Opinionated workflows for Claude Code — from brainstorm to deploy.
Install · Commands · Workflows · Docs
Claude Code is already powerful. The real leverage, though, isn't the model — it's the harness around it: how you structure context, workflows, guardrails, and specialized personas so every session produces senior-quality work by default.
dog_stack packages that harness. It is a plugin that loads 5 core workflows, 57 slash commands, 19 specialized agents, 77 context-aware skills, and a set of rules and hooks that fire automatically — so you stop rewriting the same planning, review, and commit prompts every session.

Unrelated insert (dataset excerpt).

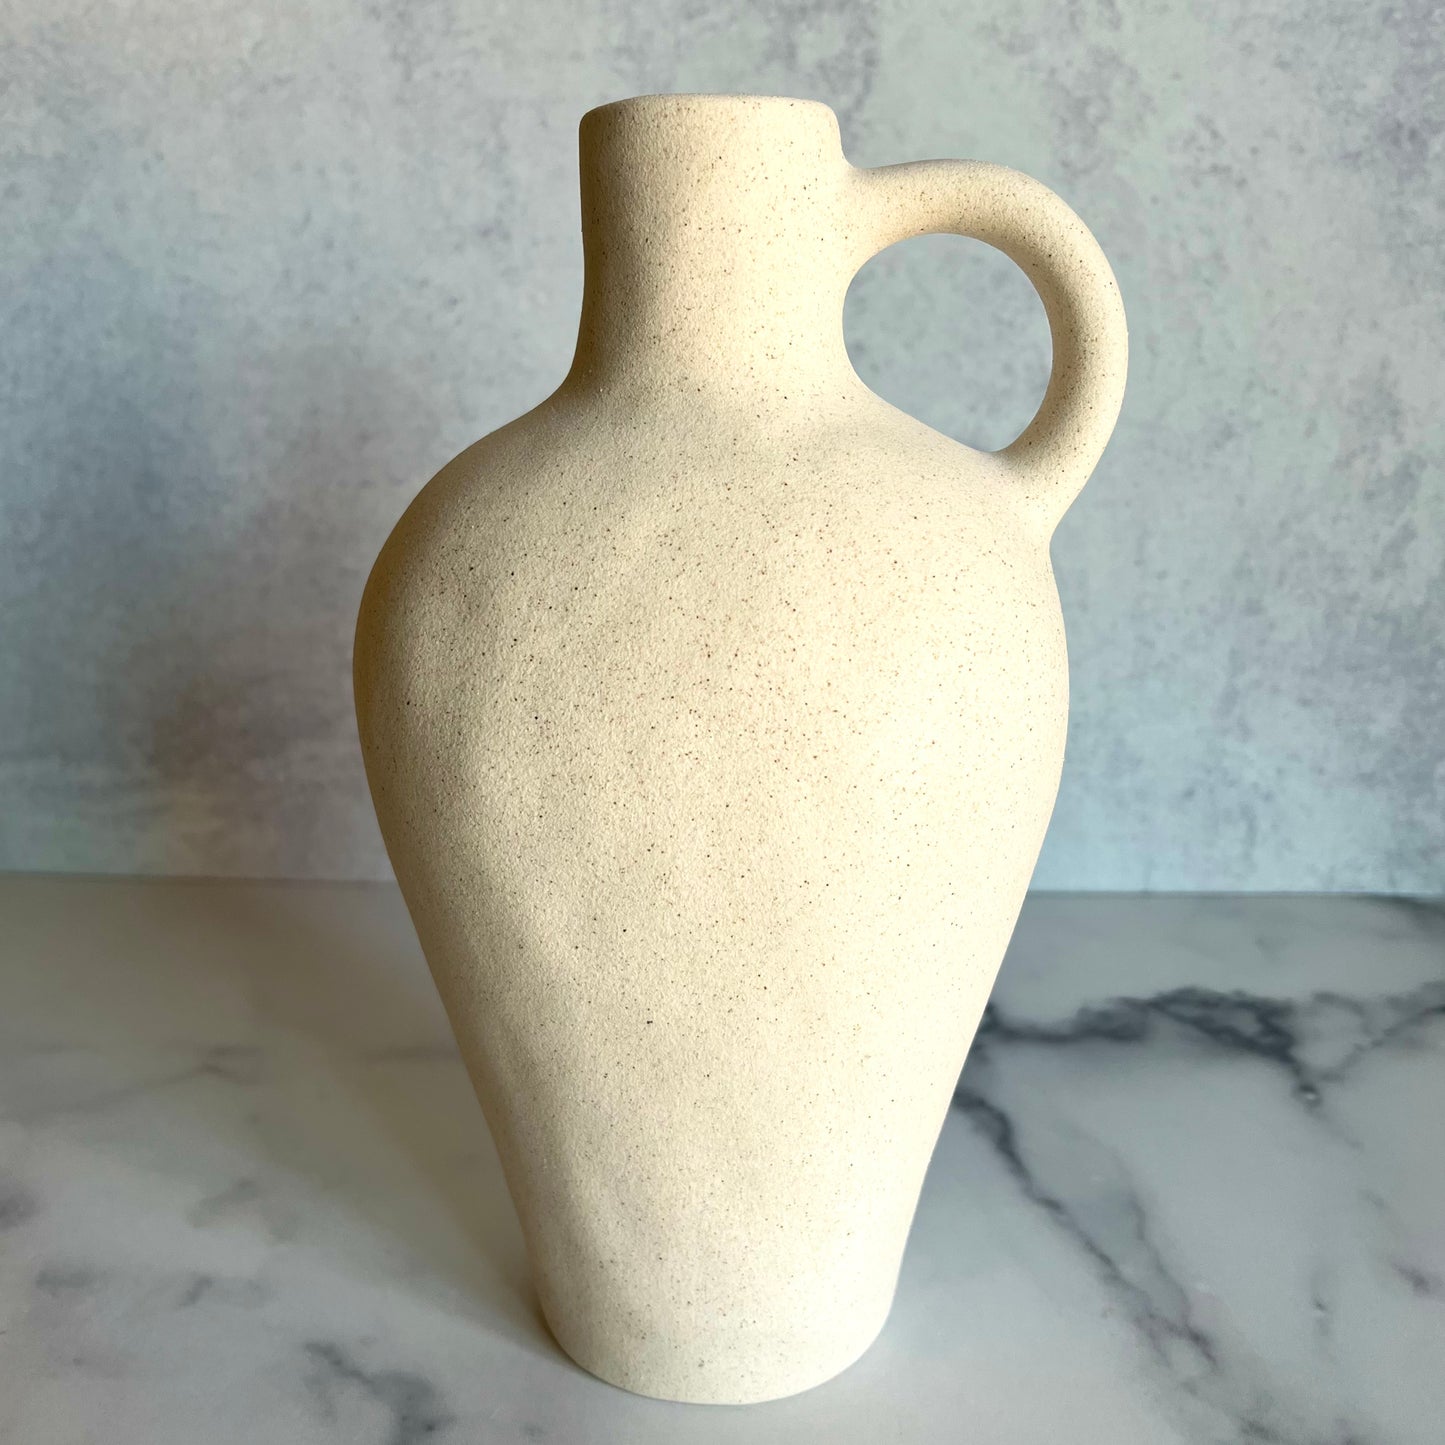 A beige vase with a small handle against a light gray background

It is built for anyone who works with Claude Code daily and has ever wished it would always plan before coding, always review before the PR, and always verify before saying "done."
Full index of everything included: docs/index.md
In any Claude Code session, run:
/plugin marketplace add rogeriojunior31/dog_stack
/plugin install dog@dog_stack
The first command registers this repo as a Claude Code marketplace. The second installs the dog plugin from it. Claude Code pulls the latest tagged release automatically — no Git, no symlinks, no path configuration.
To update later:
/plugin marketplace update dog_stack
git clone https://github.com/rogeriojunior31/dog_stack.git
cd dog_stack
/plugin marketplace add .
/plugin install dog@dog_stack
Editing files under the cloned directory takes effect on the next session reload.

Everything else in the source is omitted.